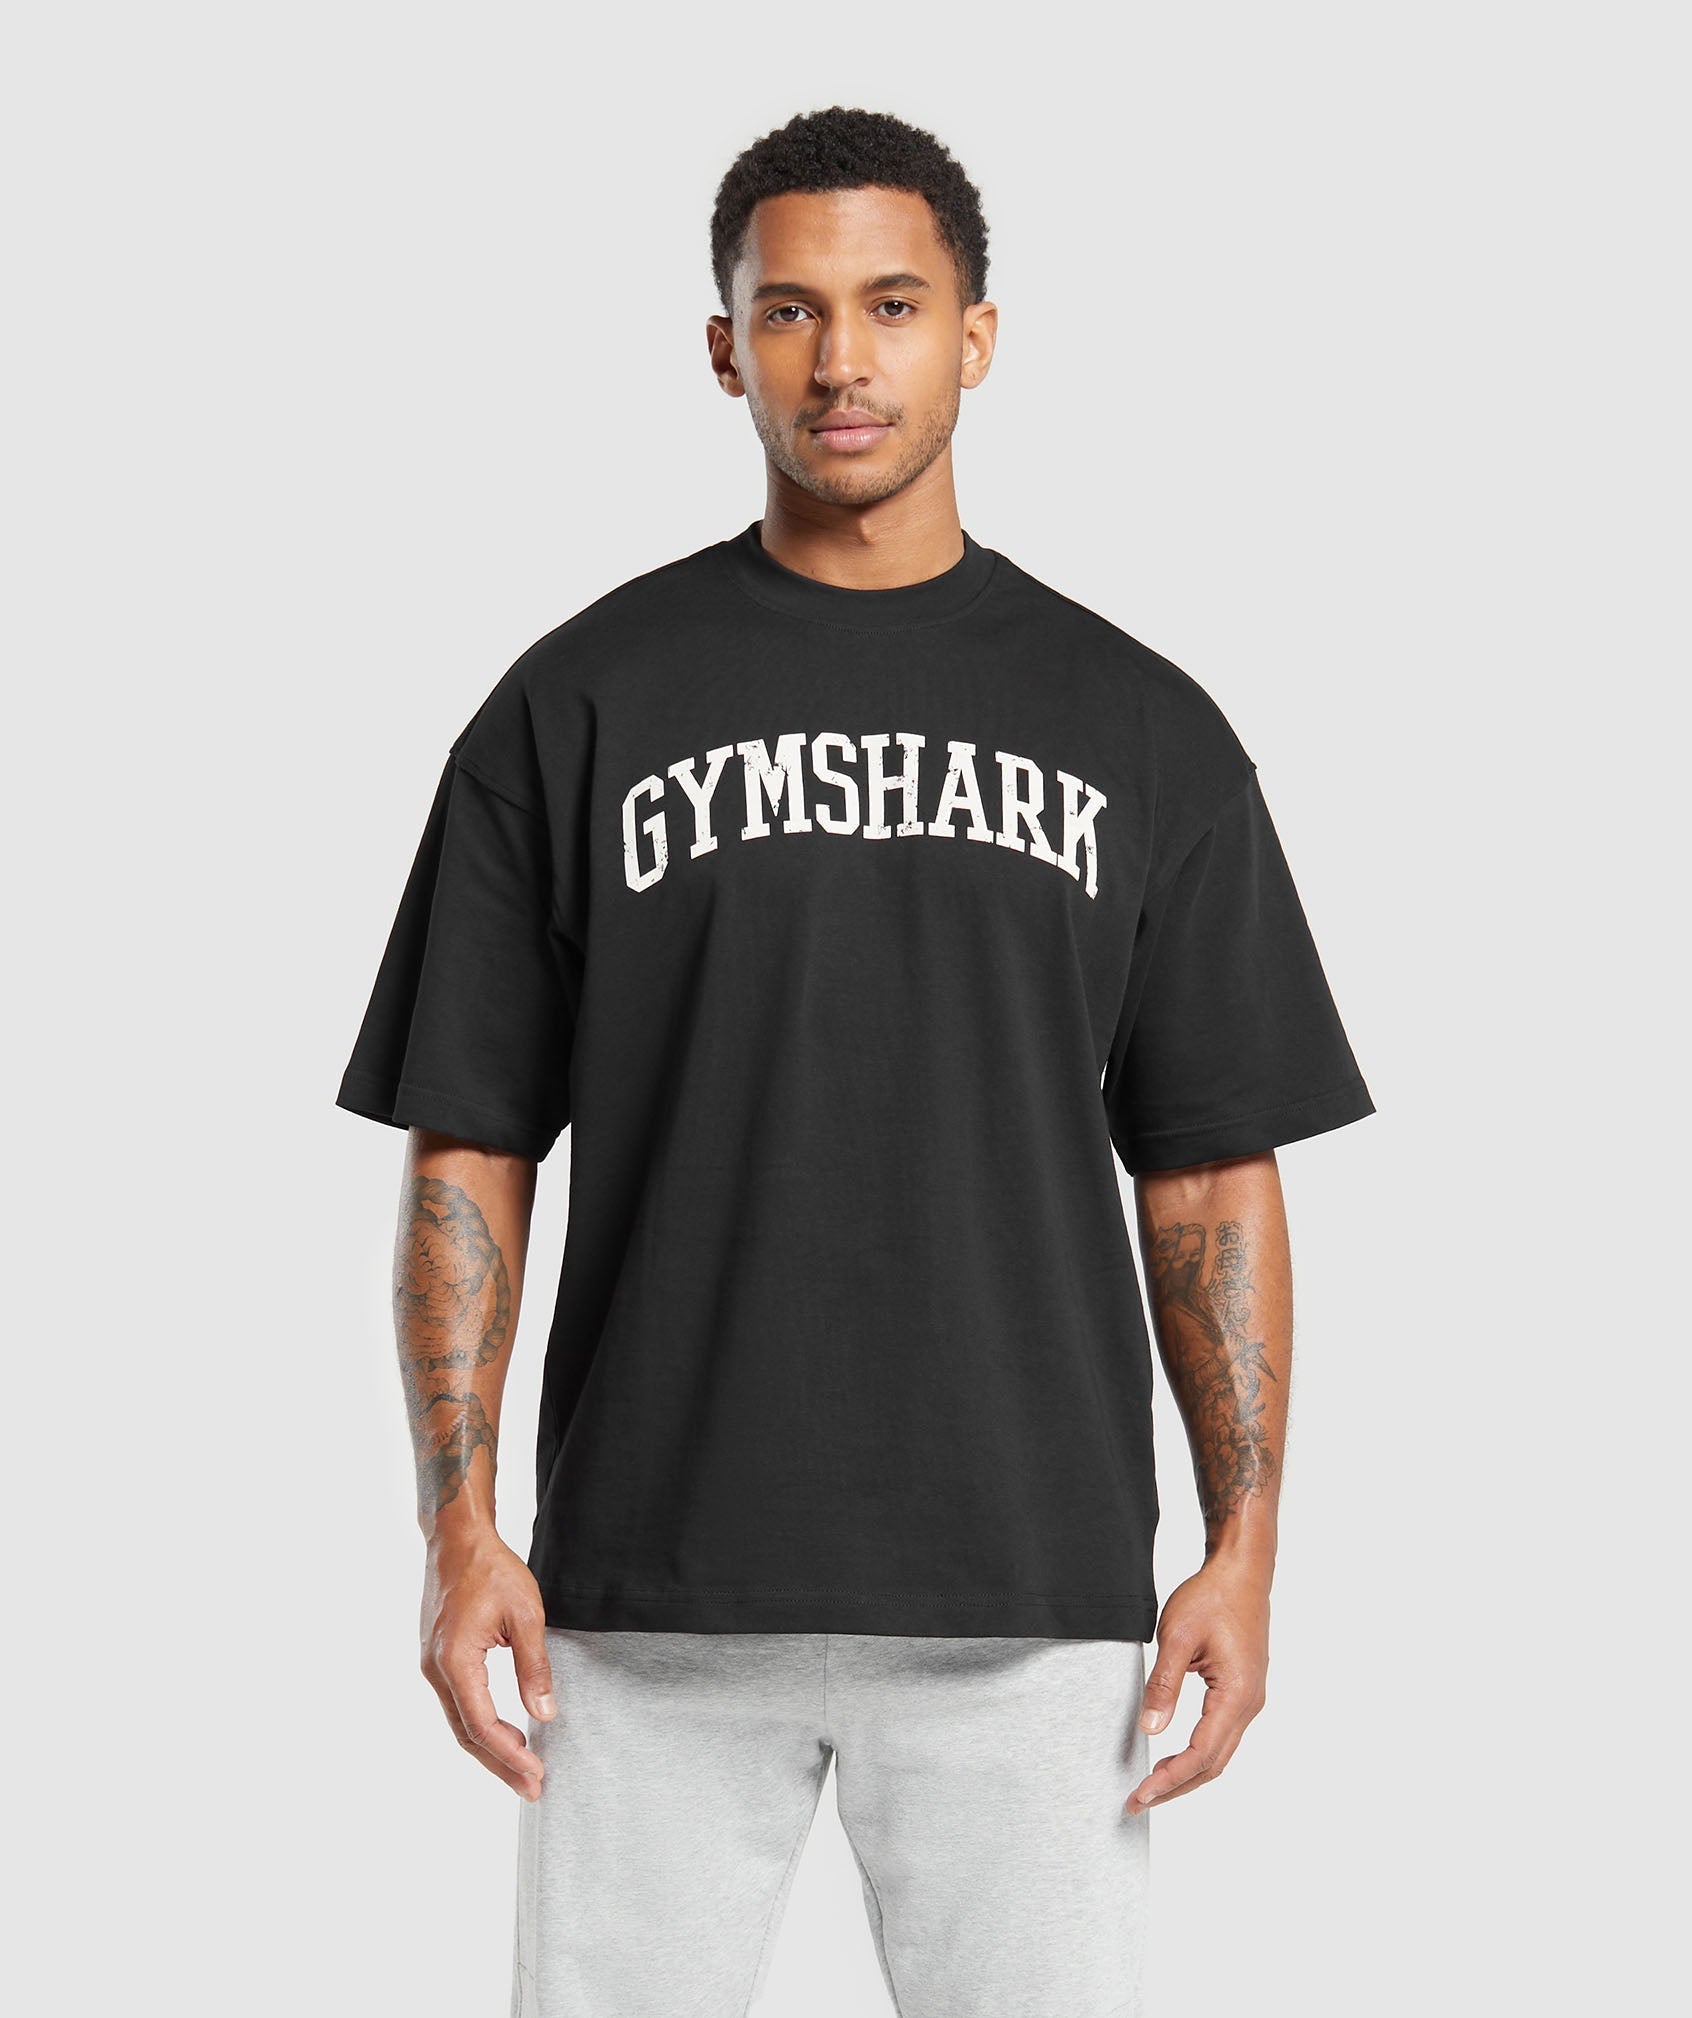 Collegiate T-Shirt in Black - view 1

*-*-*

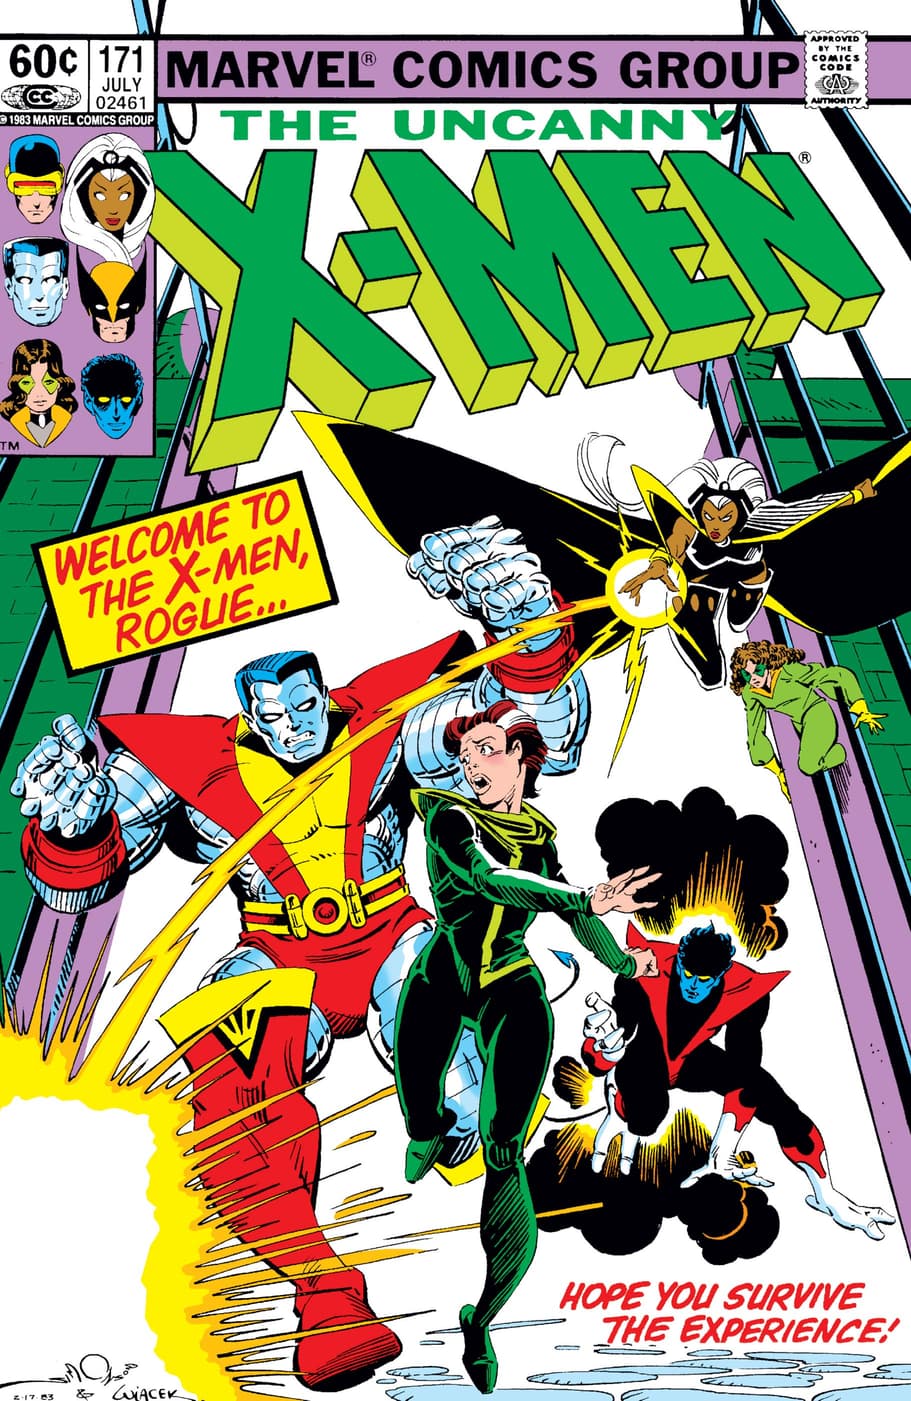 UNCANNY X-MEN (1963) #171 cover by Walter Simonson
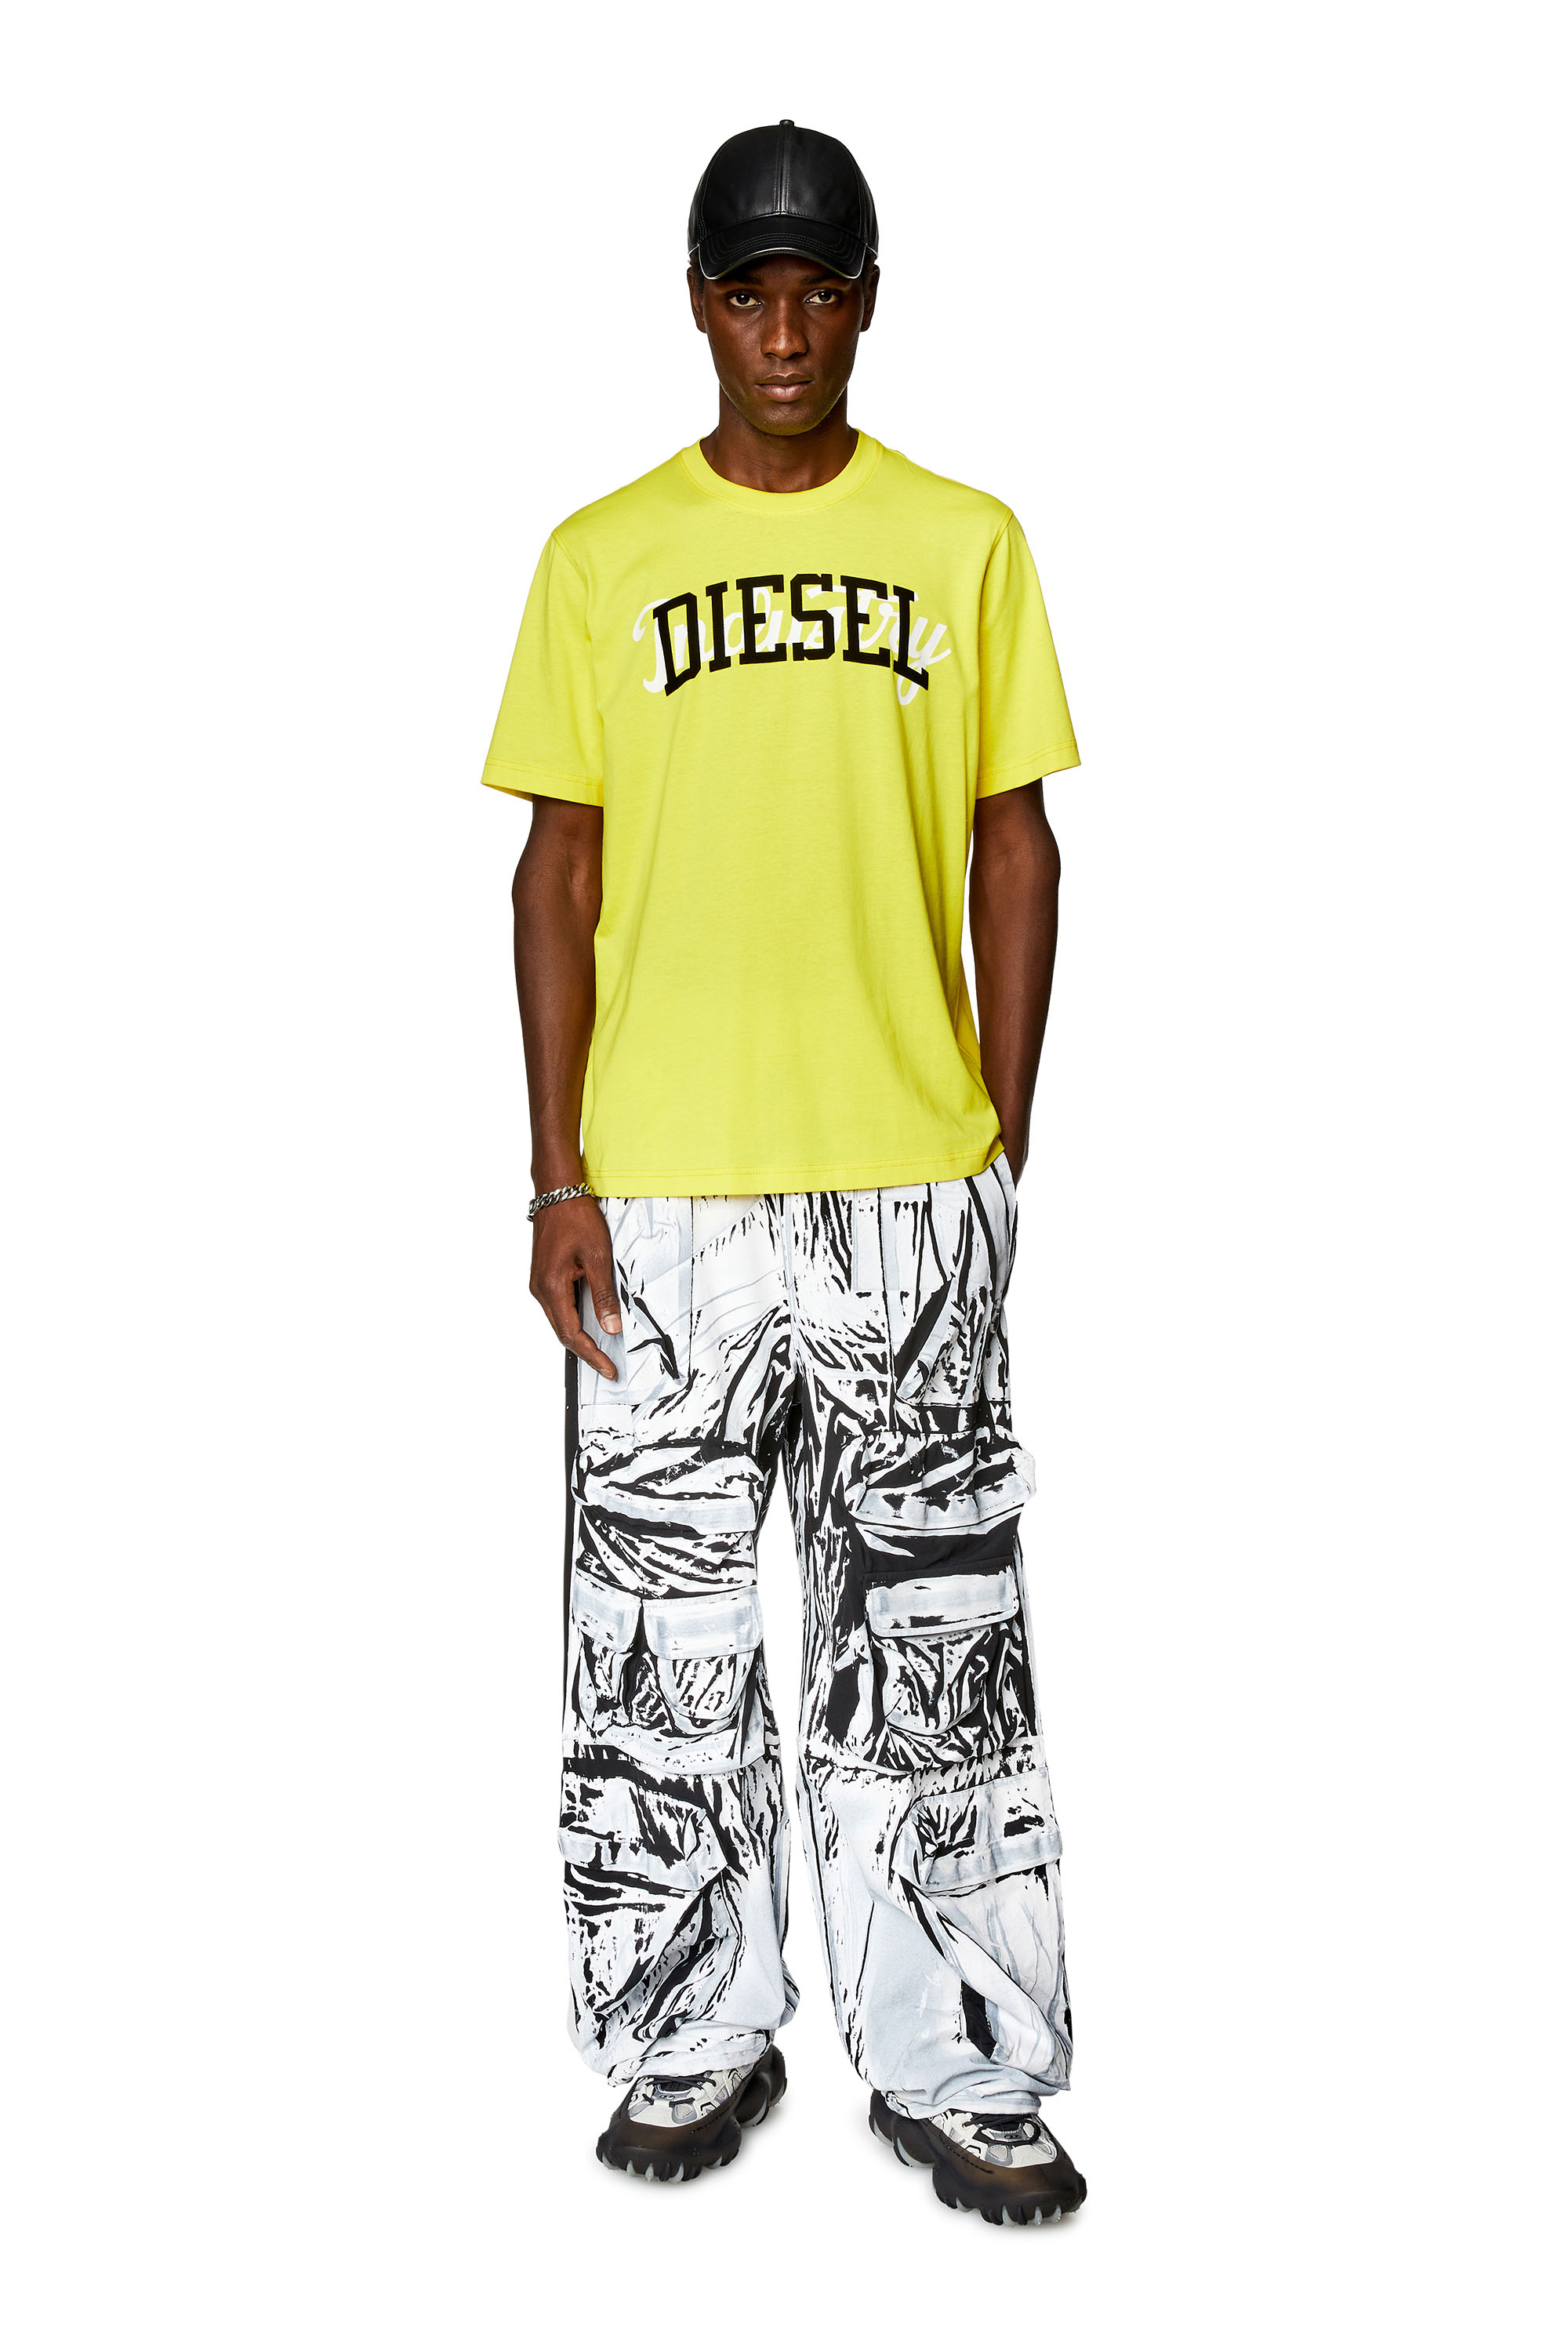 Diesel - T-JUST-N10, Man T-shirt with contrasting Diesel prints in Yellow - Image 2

*-*-*

**AIM OF THE TASK**
Taking the entries above, extract every line from the one bearing "UNCANNY X-MEN (1963)" through the one bearing "Diesel - T-JUST-N10, Man", exactly, with no pictures.

**RESPONSE FOR THIS EXERCISE**
 UNCANNY X-MEN (1963) #171 cover by Walter Simonson
 Diesel - T-JUST-N10, Man T-shirt with contrasting Diesel prints in Yellow - Image 2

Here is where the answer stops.